_THE PROBLEM_. Restate the listing below word for word; no pictures belong in the copy.

_DATA EXCERPT_.
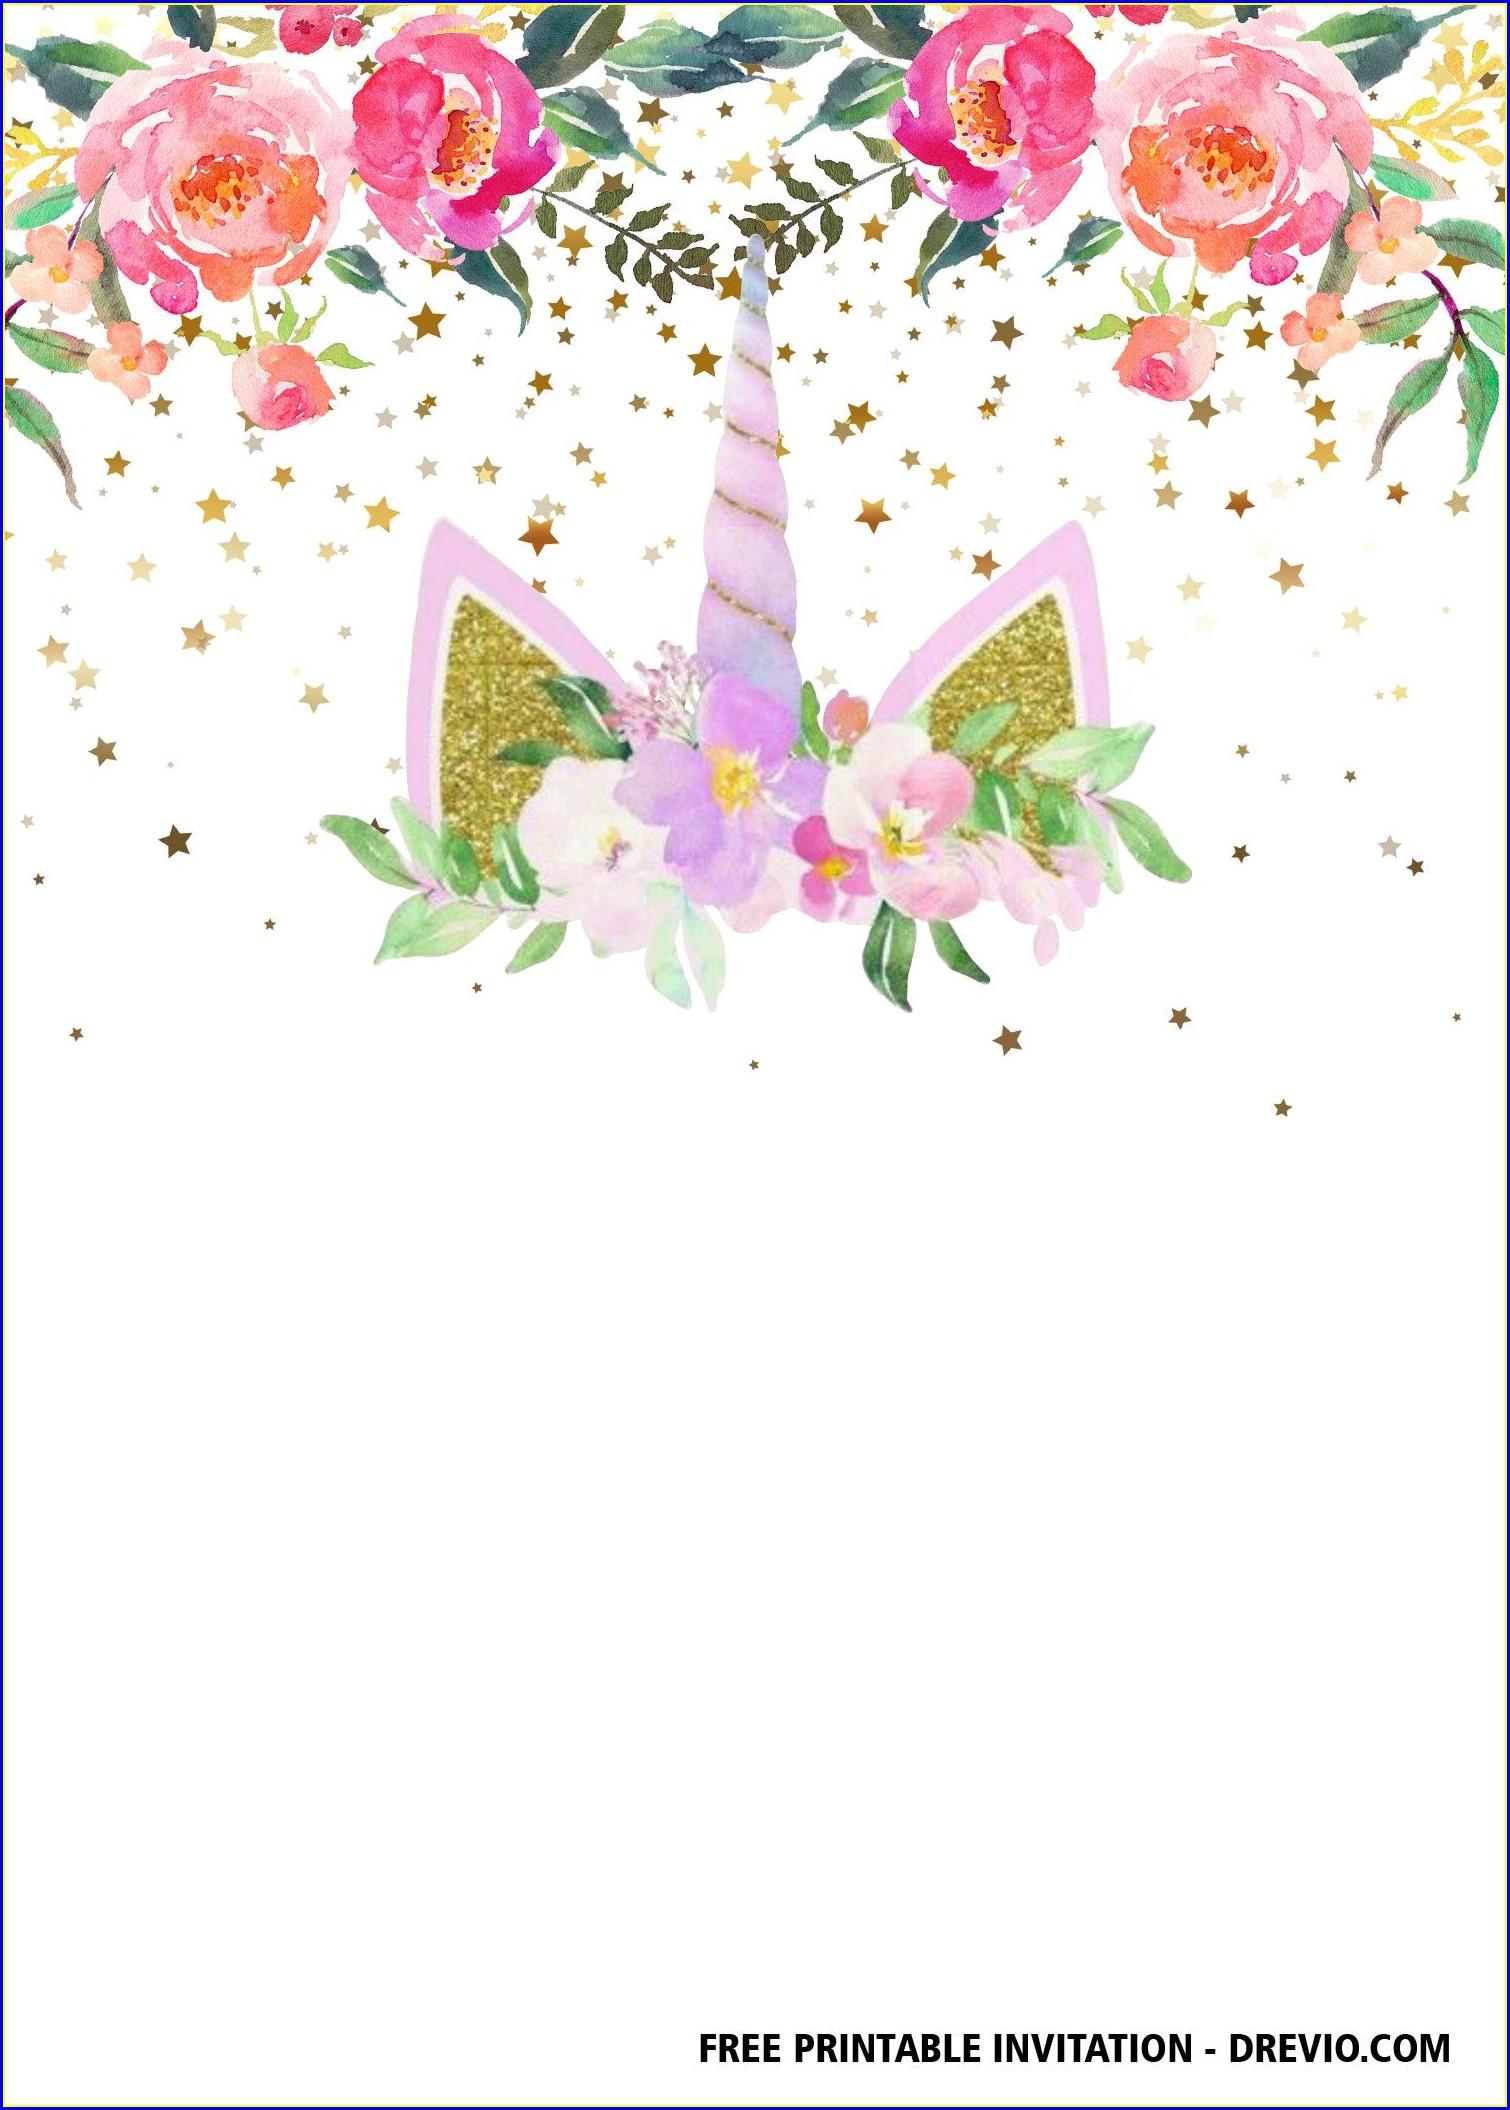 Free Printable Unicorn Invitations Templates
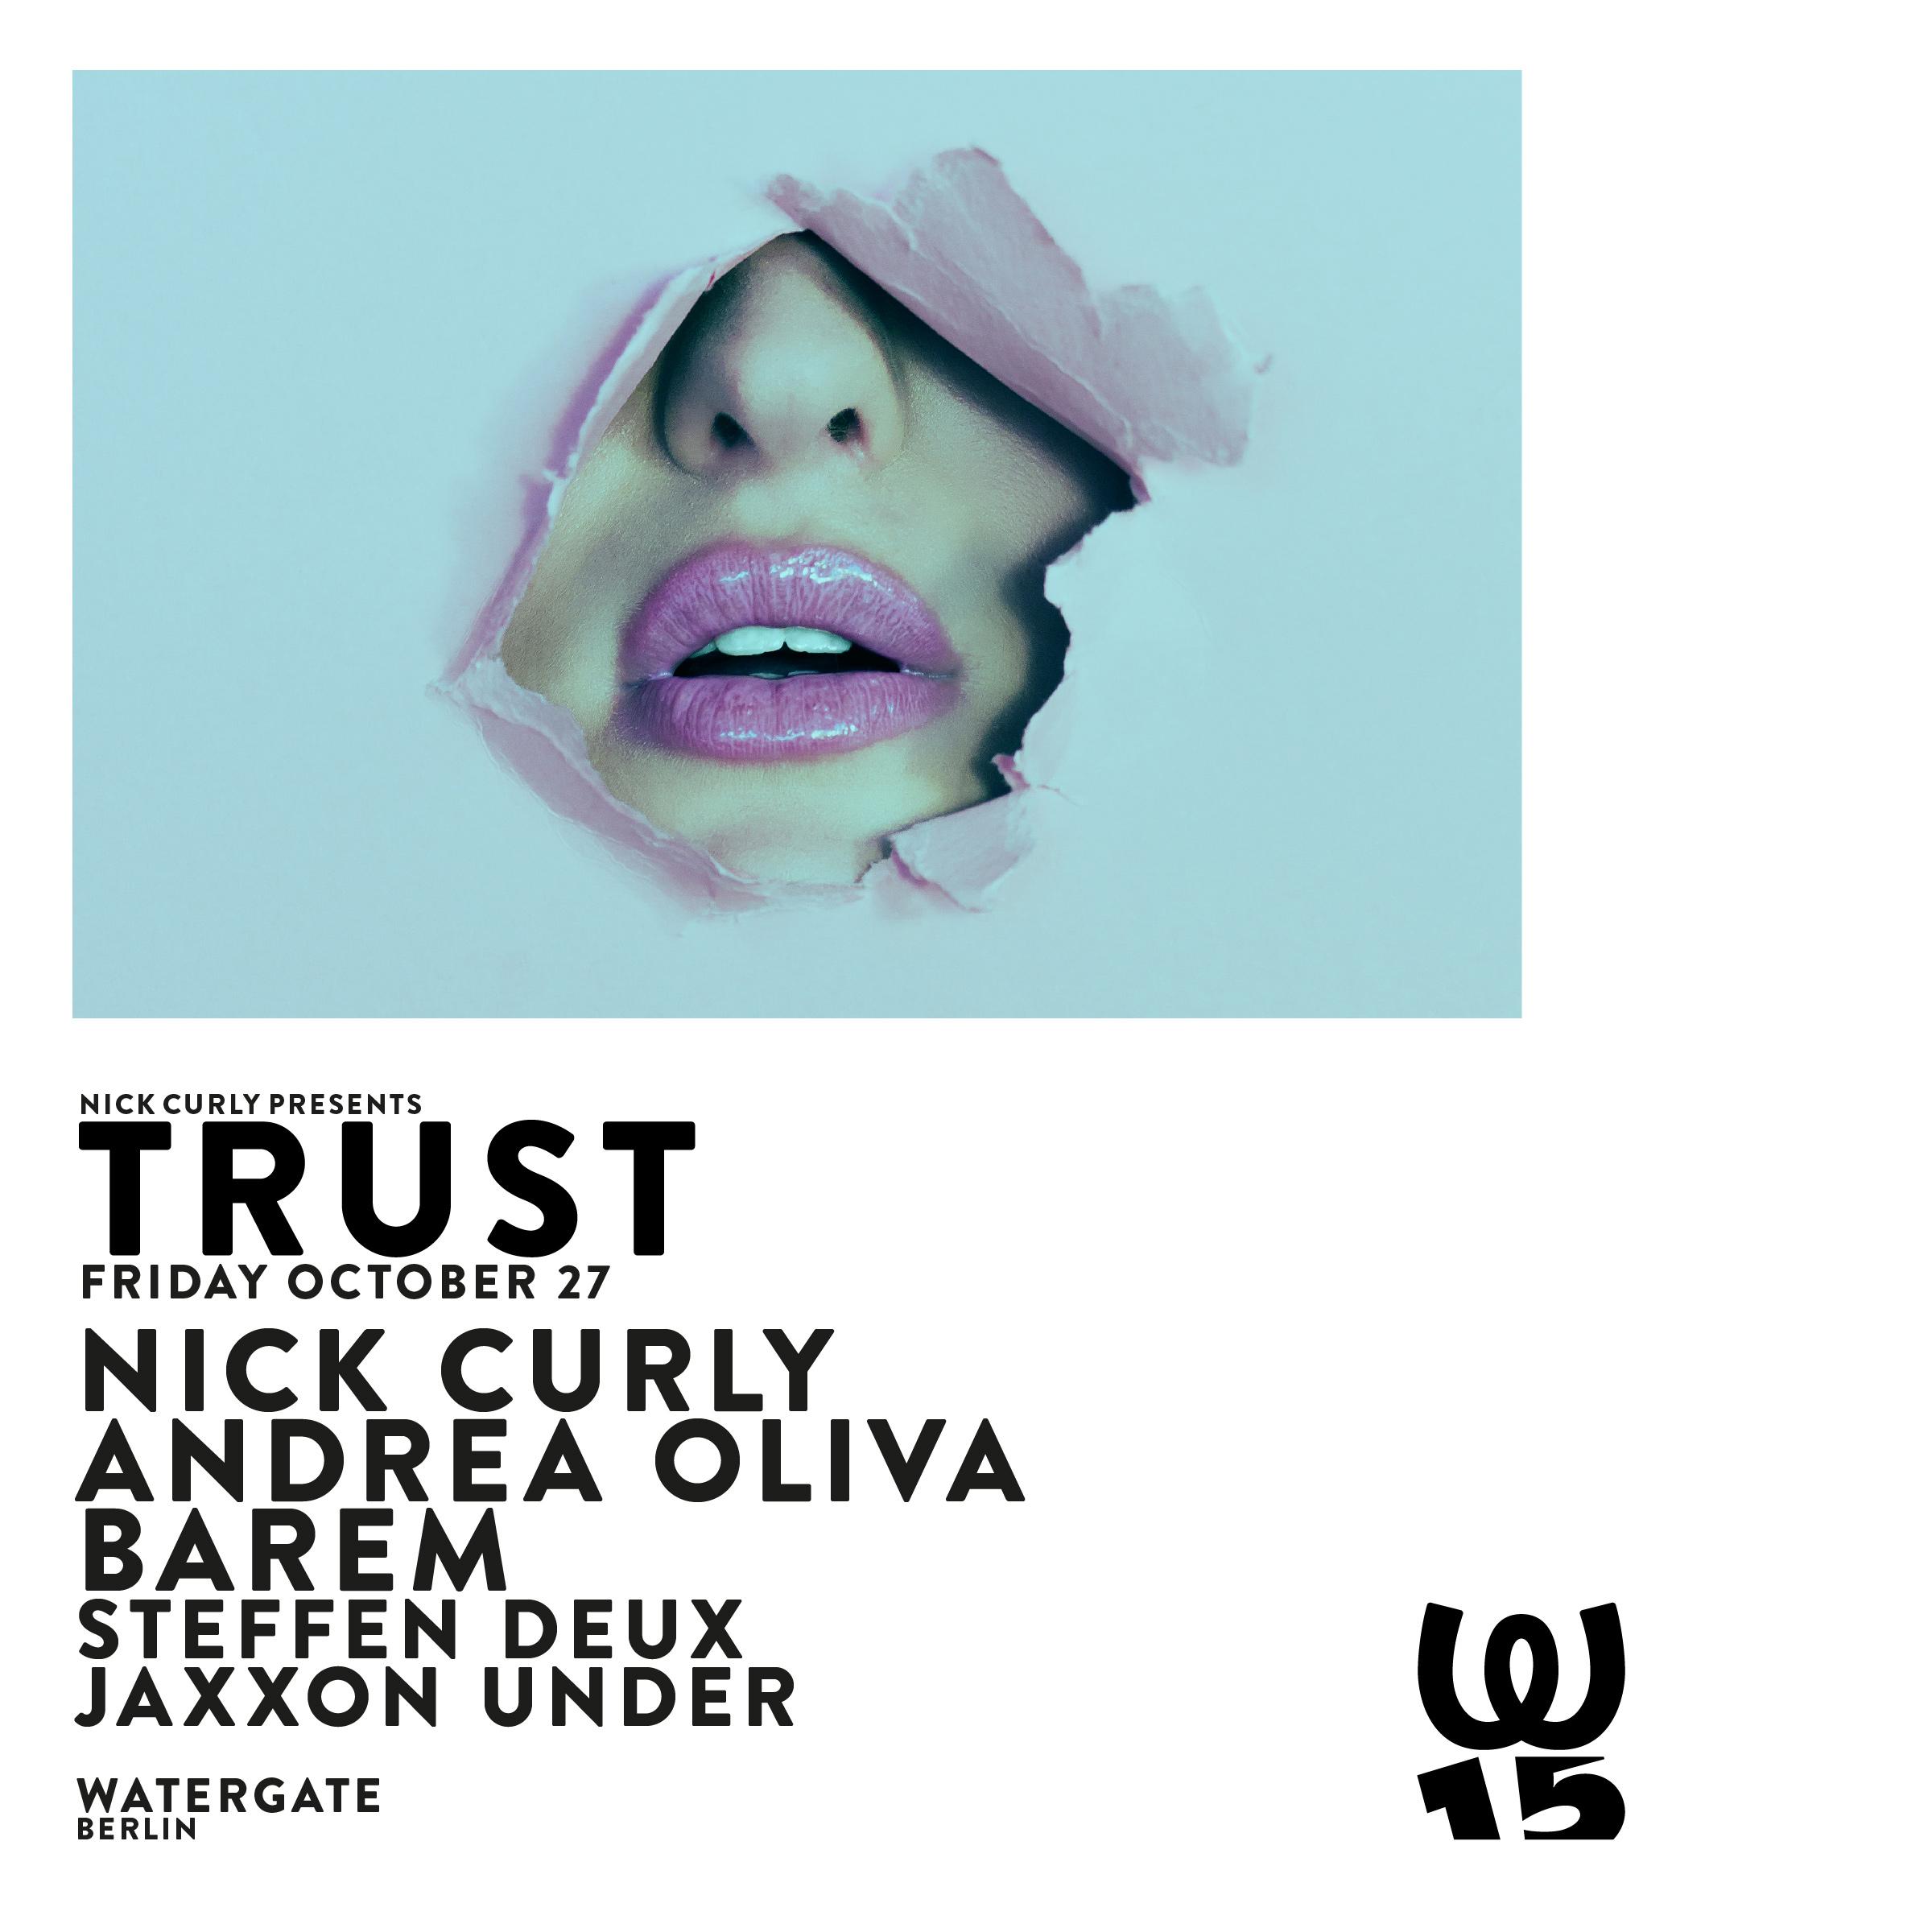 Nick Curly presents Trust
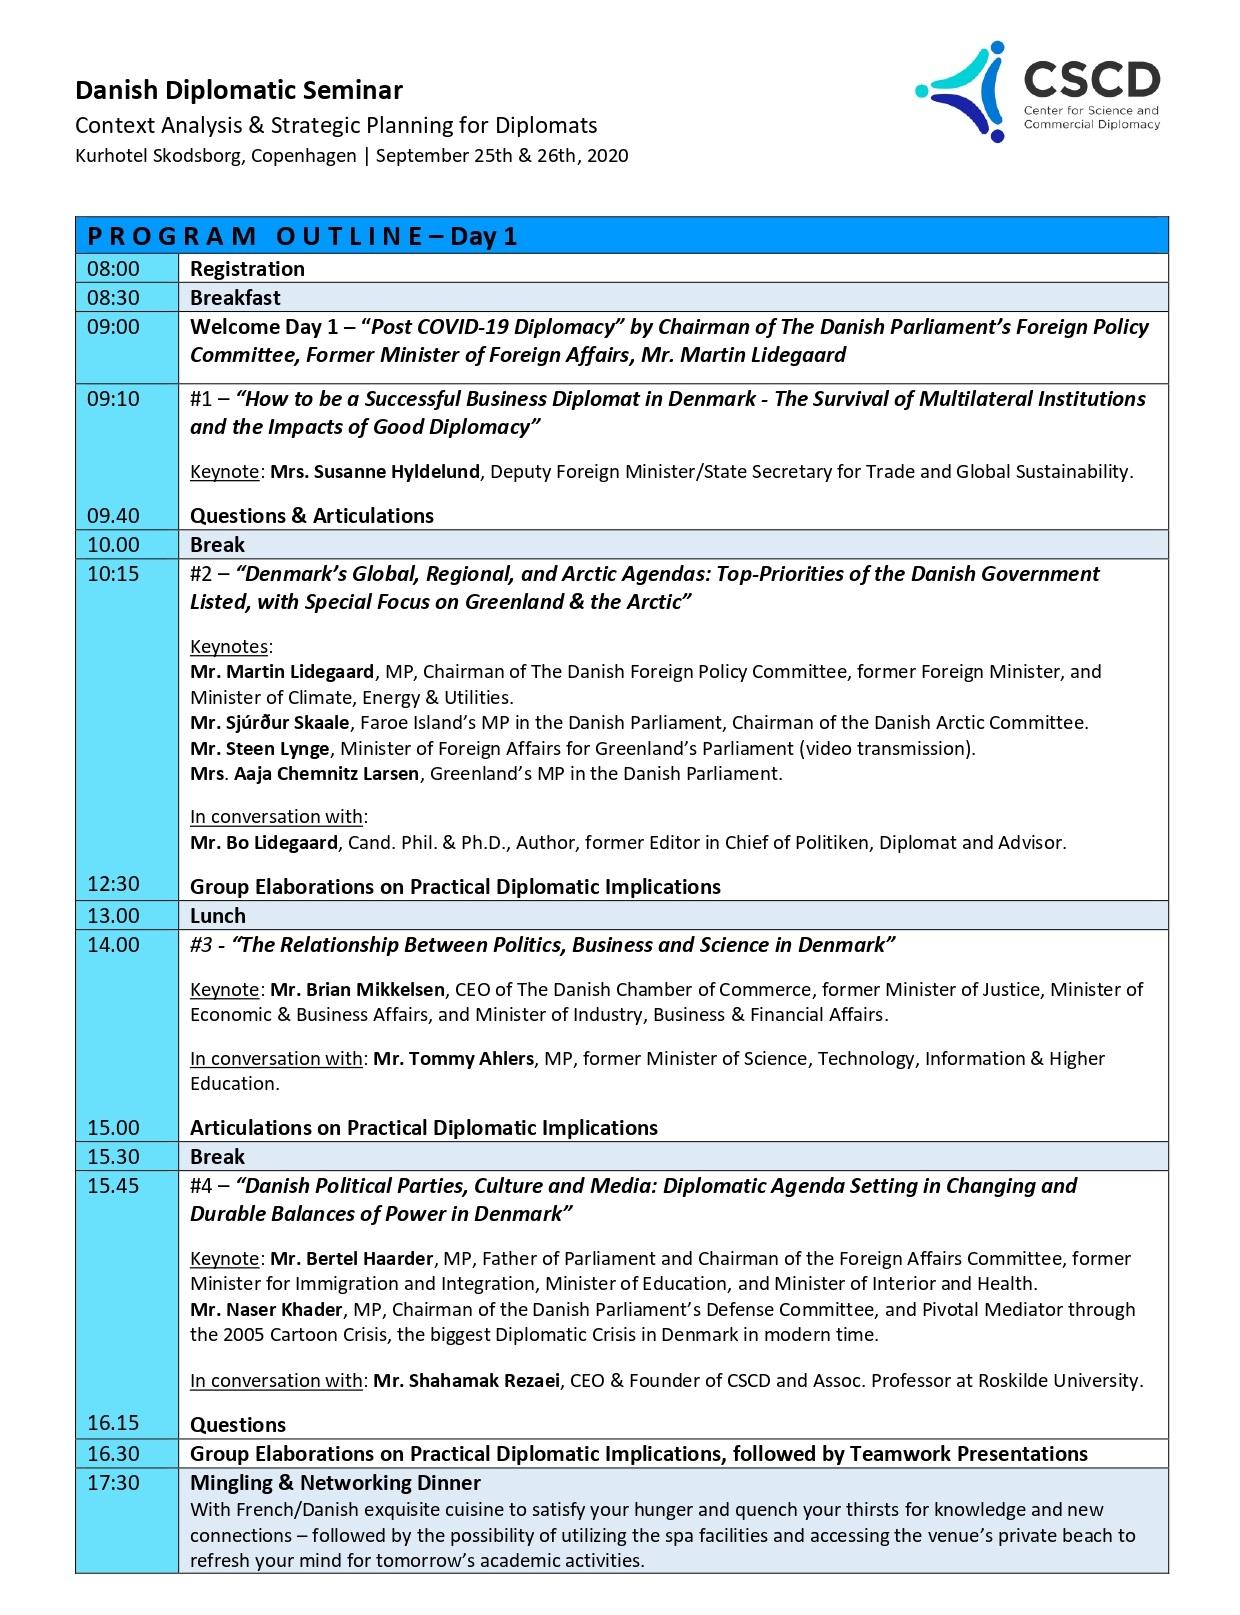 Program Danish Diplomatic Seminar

_RESPONSE BOX_.
 Free Printable Unicorn Invitations Templates
 Nick Curly presents Trust
 Program Danish Diplomatic Seminar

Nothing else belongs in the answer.